Hegel: Intensive And Extensive Magnitude

The correlated terms of intensive and extensive abstraction have another antecedent in the reflections of G.W.F Hegel on intensive and extensive “magnitude.”  The following fragments can be found in Hegel’s “Science of Logic- Identity of Intensive and Extensive Magnitude” – sections 480, 481 and 483:

“480. The determinateness of intensive magnitude is, therefore, to be considered from two sides. Intensive magnitude is determined by other intensive quanta and is  continuous with its otherness, so that its determinateness consists in this relation to its otherness. Now in the first place, in so far as it is a simple determinateness it is determinate relatively to other degrees;  it excludes them from itself and has its determinateness in this exclusion. But, secondly, it is determinate in its own self; this it is in the amount as its own amount, not in the amount as excluded, nor in the amount of other degrees. The twentieth degree contents the twenty within itself;  it is not only determined as distinguished from the nineteenth, twenty-first and so on, but its determinateness is its own amount. But in so far as the amount is its own—and the determinateness is at the same time essentially an amount—the degree is an extensive quantum.”
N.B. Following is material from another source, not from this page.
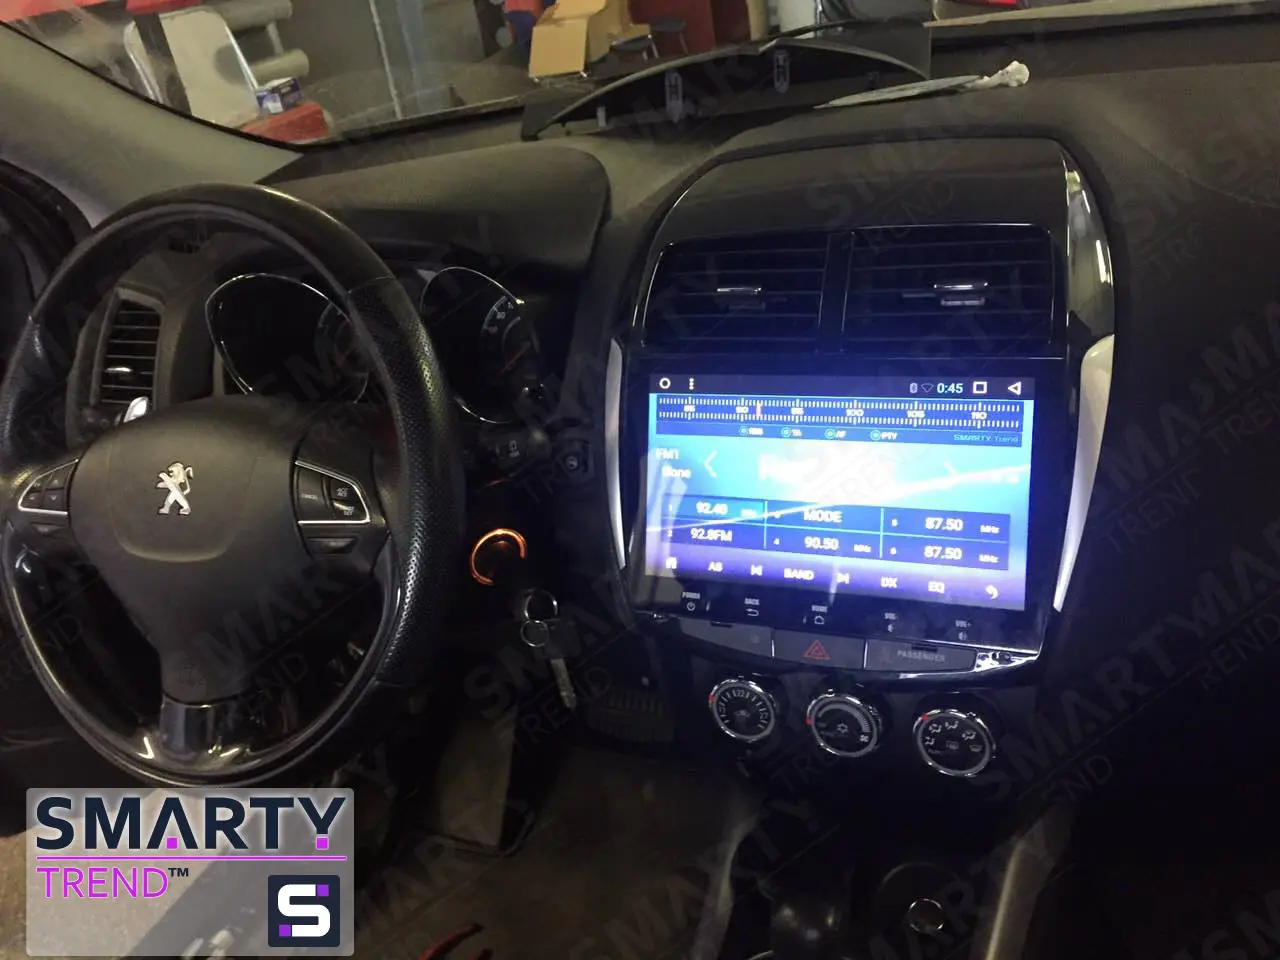  SMARTY Trend head unit for Peugeot 4008

“481. Extensive and intensive magnitude are thus one and the same determinateness of quantum; they are only distinguished by the one having amount within itself and other having amount outside of itself. Extensive magnitude passes over into intensive magnitude because its many spontaneously collapse into oneness, outside which the many stand. But conversely, this unitary degree has its determinateness only in the amount, and that too in its own amount; as indifferent to the differently determined intensifies it has within itself the externality of the amount; and so intensive magnitude is equally essentially an extensive magnitude. “

“483. Extensive and intensive quantum are usually distinguished in the ordinary conception of them as kinds of magnitude, as if some objects had only intensive, others only extensive magnitude. In addition we have the conception of a philosophical science of Nature in which what is a plurality or extensive—for example, in the fundamental property of matter to occupy space, and in other concepts too—is converted into something intensive, meaning thereby that the intensive aspect as dynamic is the true determination; density, or the specific filling of space, for example, must essentially be understood not as a certain aggregate and amount of material parts in a quantum of space, but as a certain degree of the space-filling force of matter.”
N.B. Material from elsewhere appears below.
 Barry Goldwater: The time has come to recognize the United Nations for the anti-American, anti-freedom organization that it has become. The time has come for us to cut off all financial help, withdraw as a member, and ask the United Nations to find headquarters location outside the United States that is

Usually Hegel’s difficult prose and his constant attempt at exhausting every concept discourage the reader, but from the fragments above it should be enough to retain that the great thinker very closely associated intensive and extensive concepts as being interrelated and co-dependent. Thinking intensive and extensive magnitude are shown to be inseparable. (See: Hegel’s Science of Logic, translated by A. V. Miller, London, Allen and Unwin, 1969 ).